- [Problem requirements]
Give all of the listing again word for word, with images excluded.

- [Supplied information]
┄┄┄┄┄┄┄┄┄┄┄┄┄┄┄┄┄┄┄┄
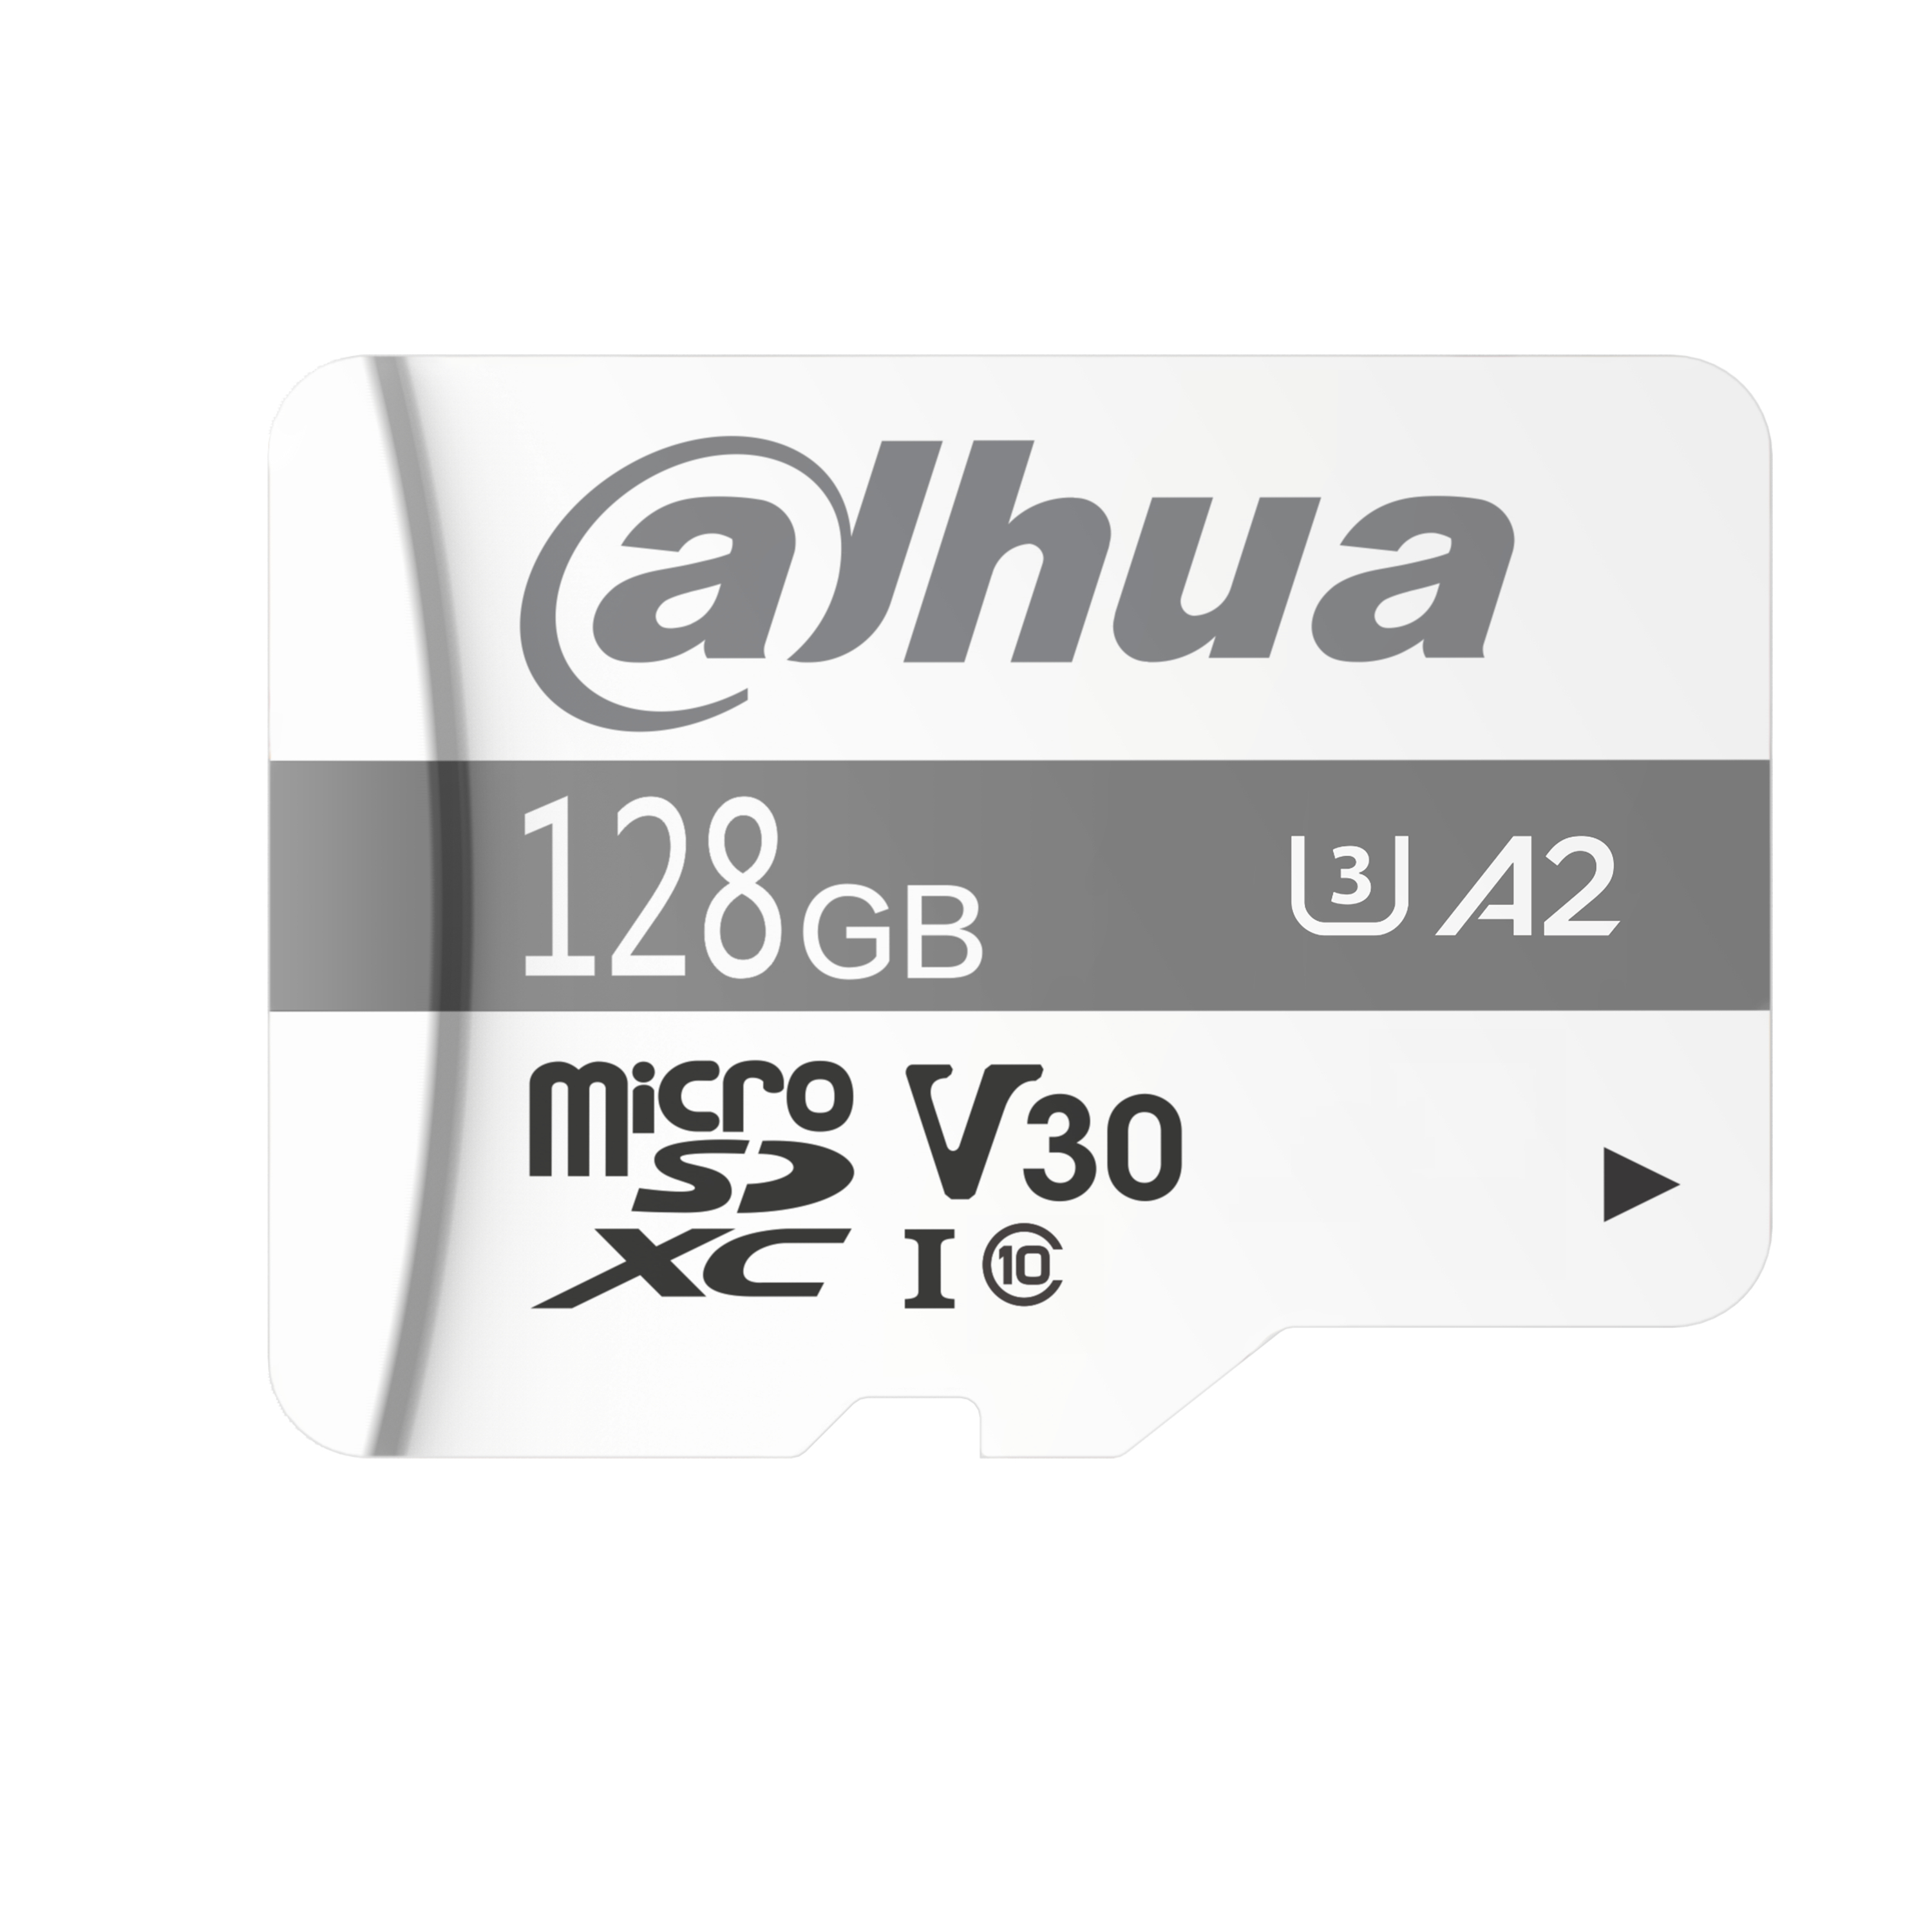 Dahua Discos Duros Seagate para Cámaras seguridad SSTT - TF-P100128GB - Imagen referencial
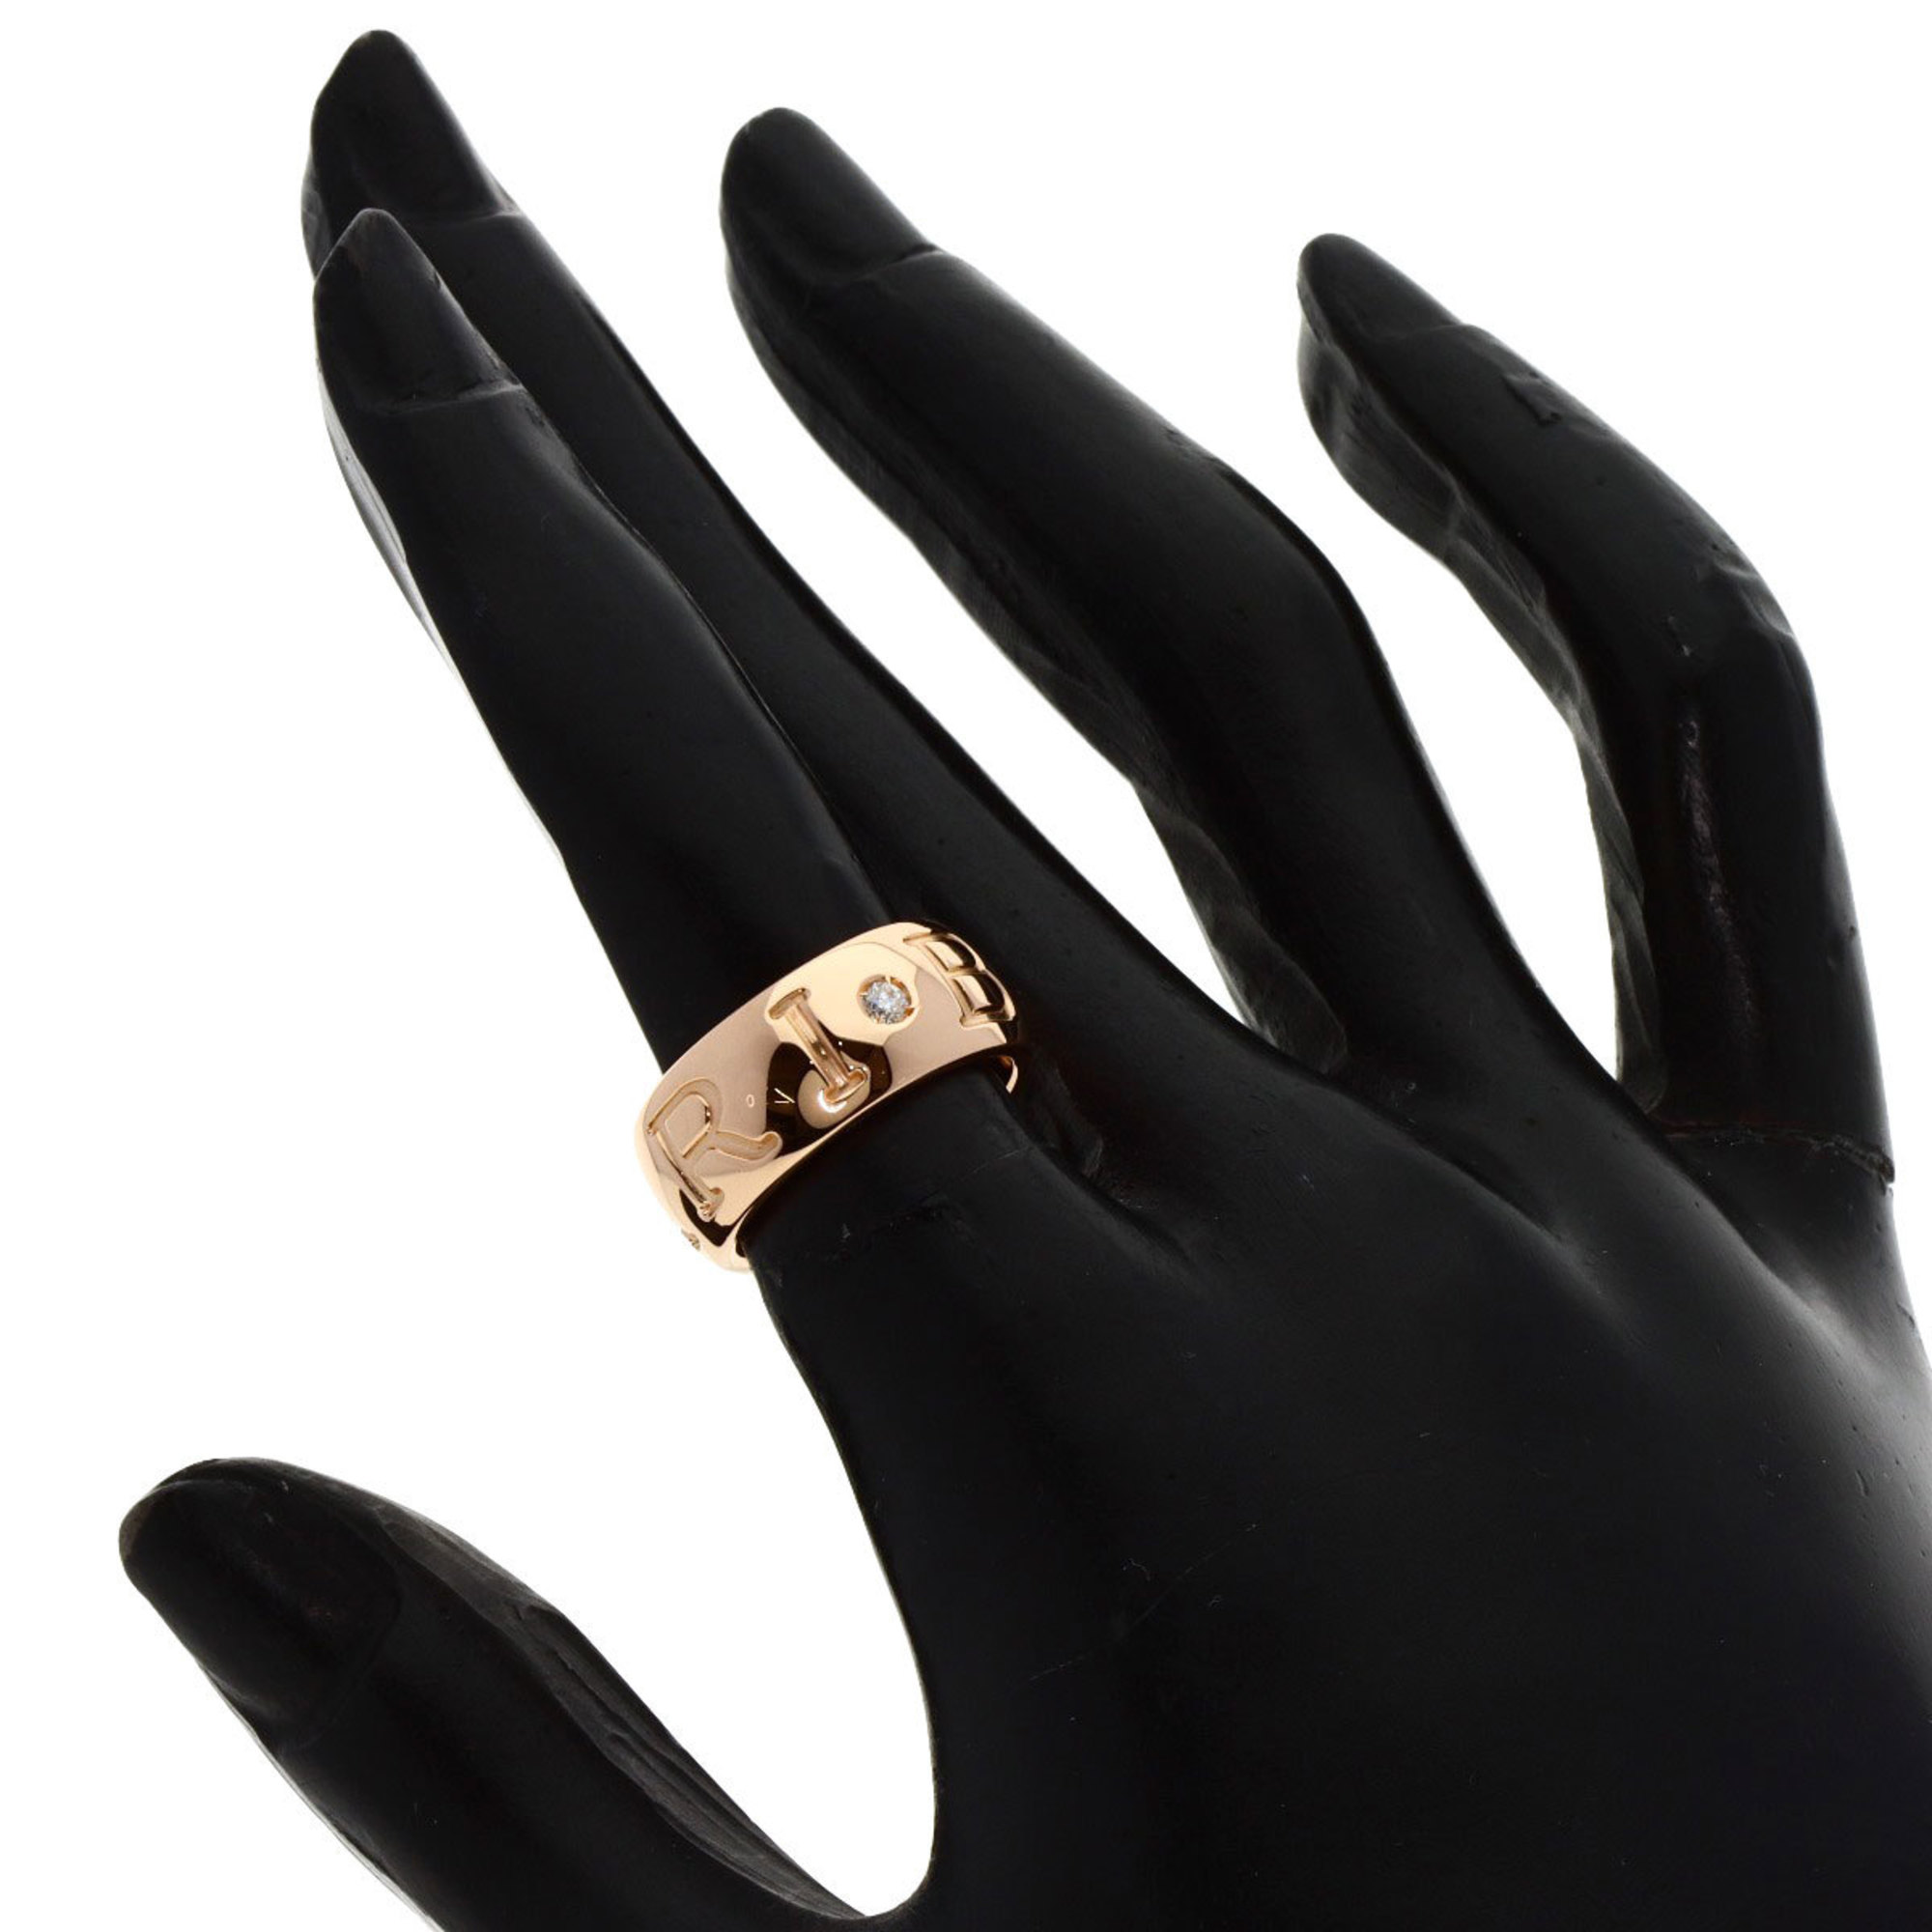 BVLGARI Mono Ring 1P Diamond #49 K18 Pink Gold Women's
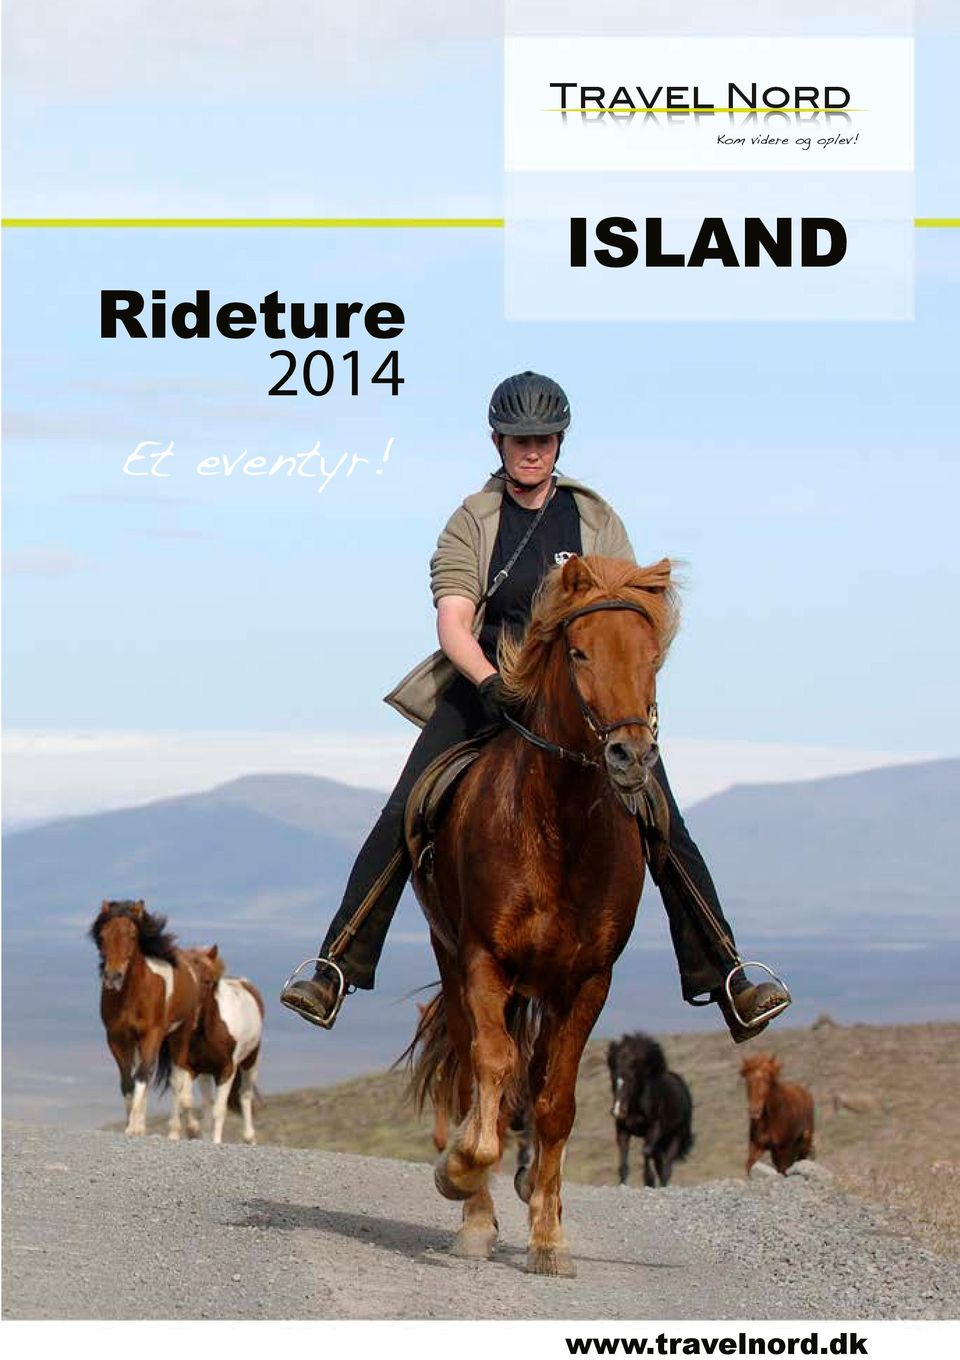 Rideture 2014 ISLAND
┄┄┄┄┄┄┄┄┄┄┄┄┄┄┄┄┄┄┄┄
- [Result]
 Dahua Discos Duros Seagate para Cámaras seguridad SSTT - TF-P100128GB - Imagen referencial
 BVLGARI Mono Ring 1P Diamond #49 K18 Pink Gold Women's
 Rideture 2014 ISLAND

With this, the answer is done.